The North Paran Book Buzzlist: Poetry Books for Children

Poetry books are an ideal way for children to fall in love with the beauty of language.

The North Paran Book Buzzlist is a weekly feature produced by NorthParan.com that gives readers an entertaining digest of the most fascinating books that are being talked about by the black community today.

Remember: For every book you purchase at NorthParan.com, a new book will be given to a child in need!

1. The Negro Speaks of Rivers by Langston Hughes

Langston Hughes has long been acknowledged as the voice, and his poem, The Negro Speaks of Rivers, the song, of the Harlem Renaissance.

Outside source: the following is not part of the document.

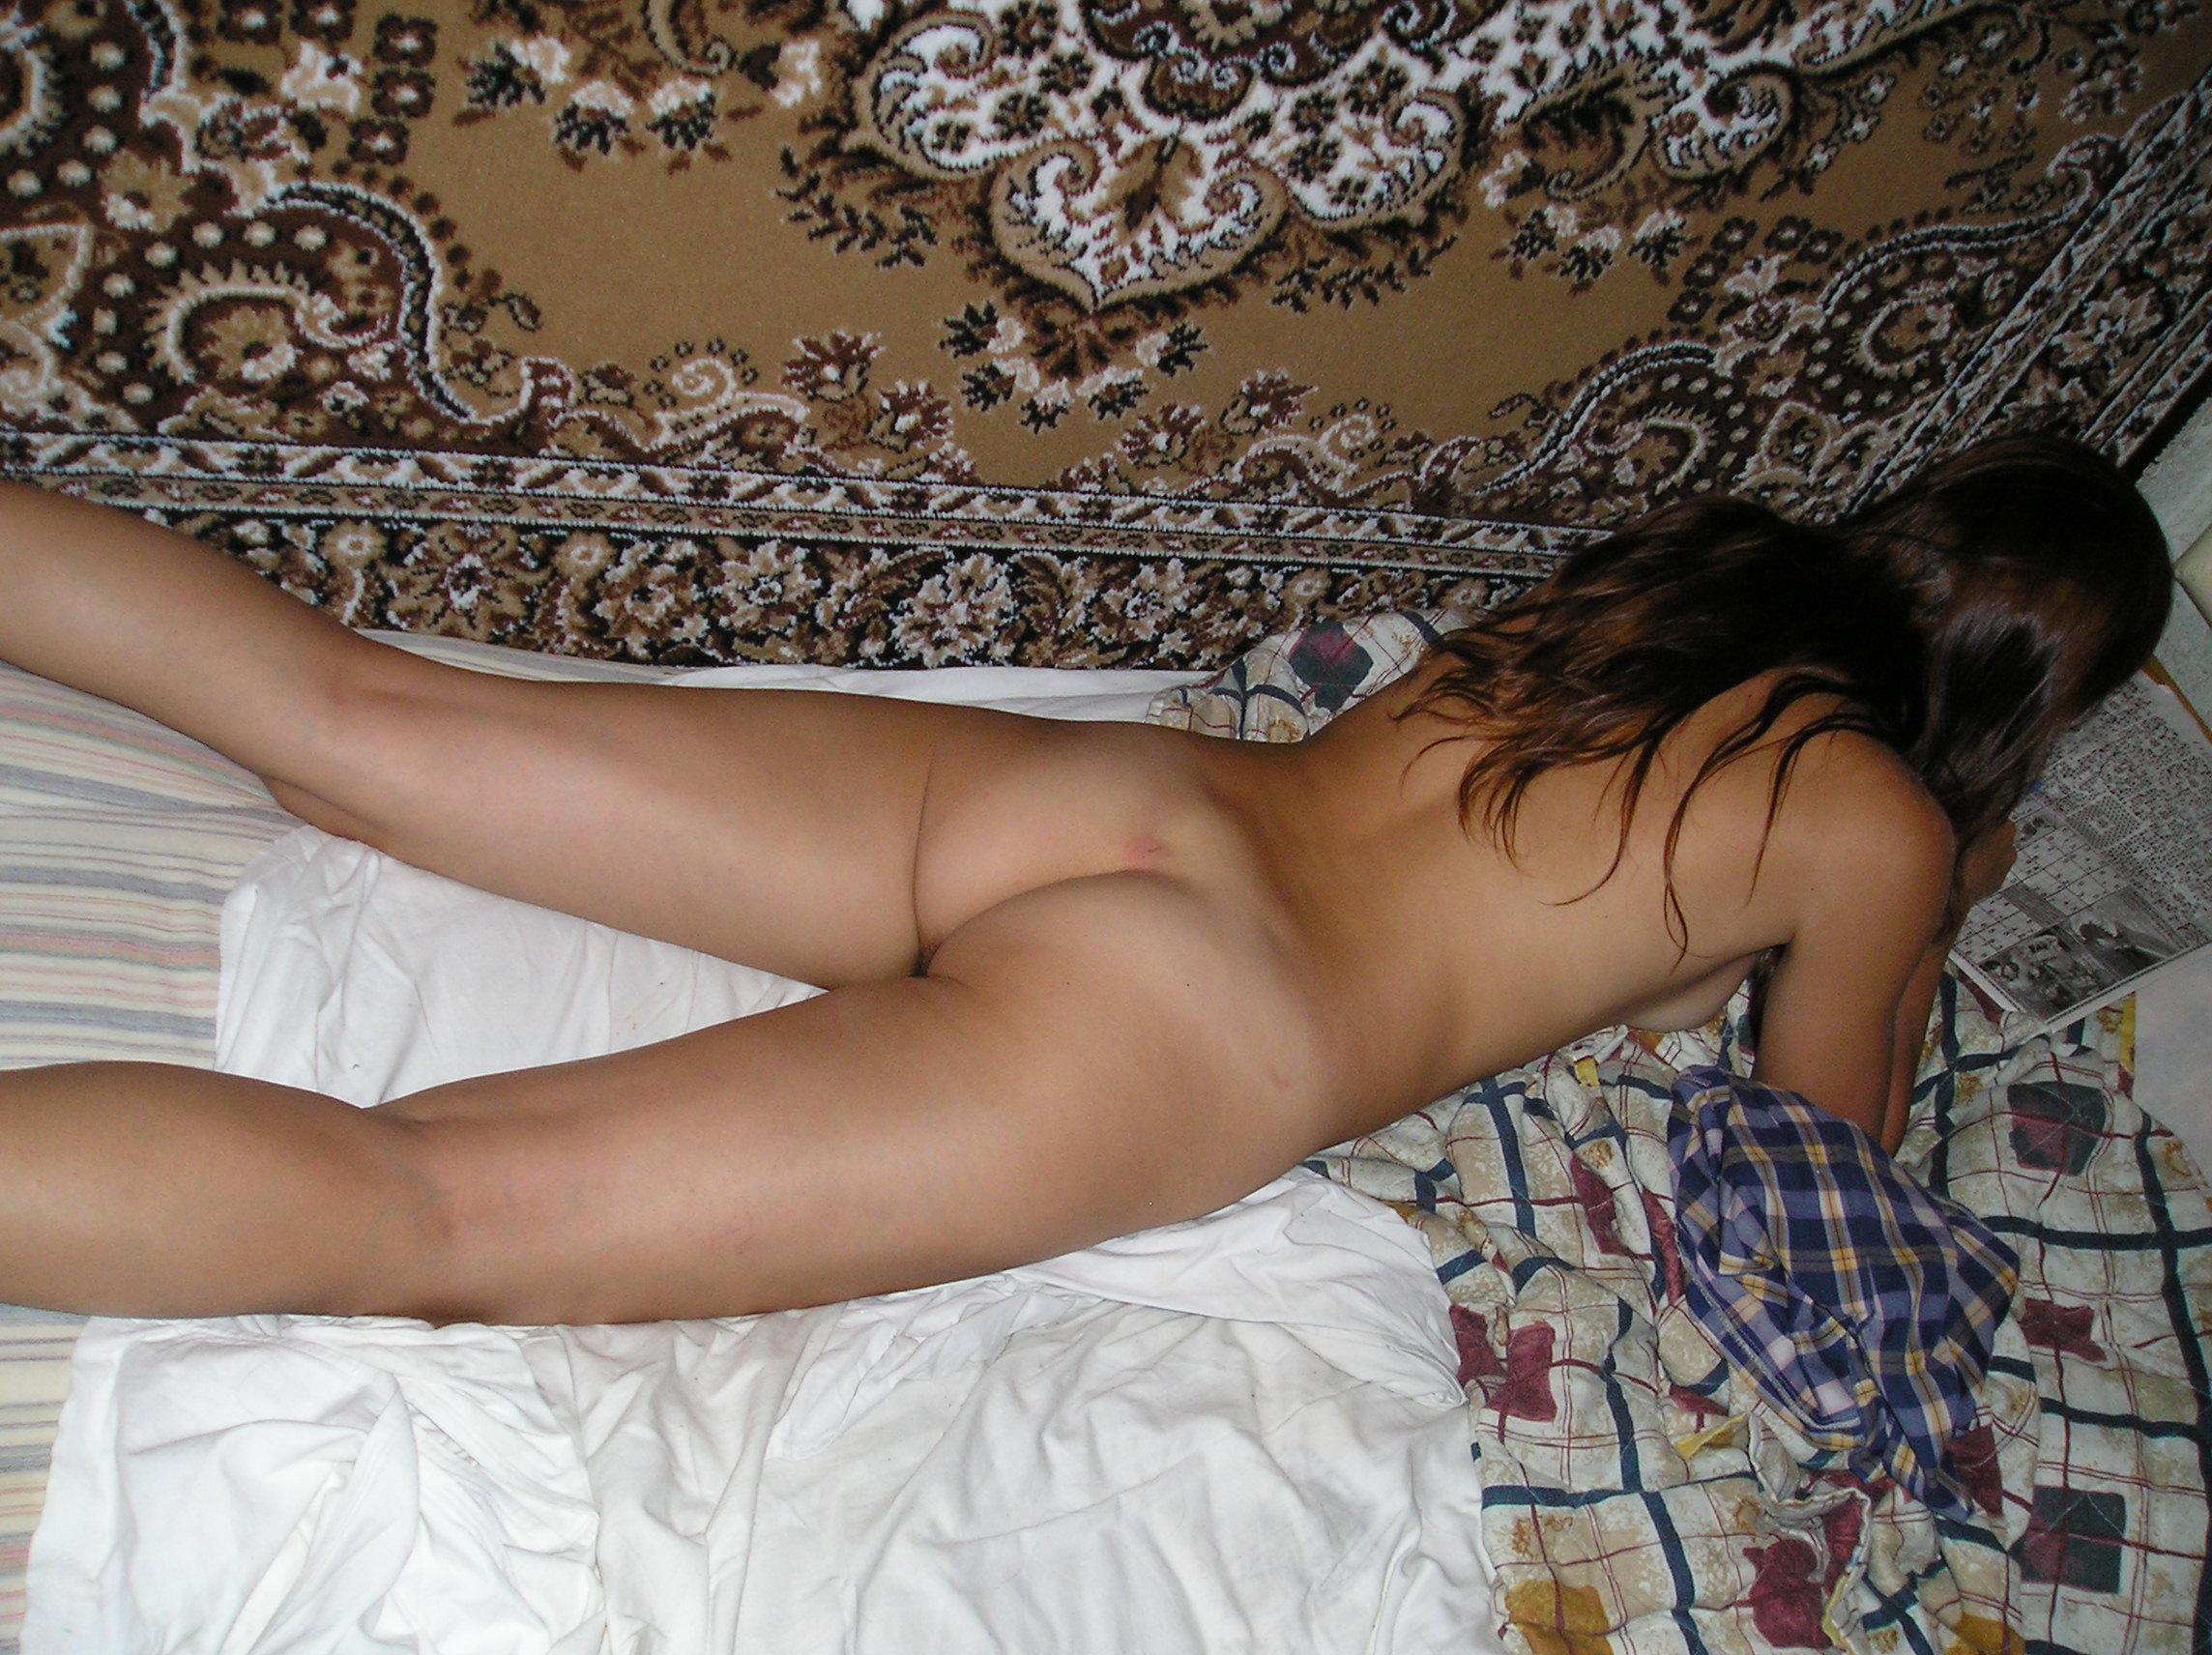 Русское порно бляди ругаются матом 6 фотография

Although he was only seventeen when he composed it, Hughes already had the insight to capture in words the strength and courage of black people in America. Artist E.B. Lewis acts as interpreter and visionary, using watercolor to pay tribute to Hughes’s timeless poem, a poem that every child deserves to know.

2. The Dream Keeper and Other Poems by Langston Hughes

“HOLD FAST TO DREAMS / For if dreams die / Life is a broken-winged bird / That cannot fly.” The Dream Keeper, the great African-American writer Langston Hughes’s only collection of poems for children, includes some of his best loved works. It is being reissued in a handsome hardcover edition in celebration of its 75th anniversary. Filled with elegant scratchboard illustrations by Caldecott Honor winner Brian Pinkey, and featuring an introduction by noted children’s poet Lee Bennett Hopkins.

3. The Night Has Ears: African Proverbs by Ashley Bryan

Ashley Bryan says, “My mother had a proverb for any situation, attitude, or event.” Many of us have had the same experience. But have you ever heard, “As a crab walks, so walk its children” or “A log may lie in the water for ten years, but it will never become a crocodile”? These are two of the twenty-six African proverbs Ashley Bryan has chosen to illustrate in this book.

4. Honey I Love and Other Love Poems by Eloise Greenfield

First published in the 1978 edition of “Honey, I Love and Other Love Poems,” this collection by a Coretta Scott King Award-winner emphasizes that love can be found just about anywhere.

5. The Surrender Tree: Poems of Cuba’s Struggle for Freedom by Margarita Engle

It is 1896. Cuba has fought three wars for independence and still is not free. People have been rounded up in reconcentration camps with too little food and too much illness. Rosa is a nurse, but she dares not go to the camps. So she turns hidden caves into hospitals for those who know how to find her.

6. Carver: A Life in Poems by Marilyn Nelson

This collection of poems provides a lyrical account of the life of George Washington Carver, a man born into slavery who went on to head the agricultural department at the Tuskegee Institute.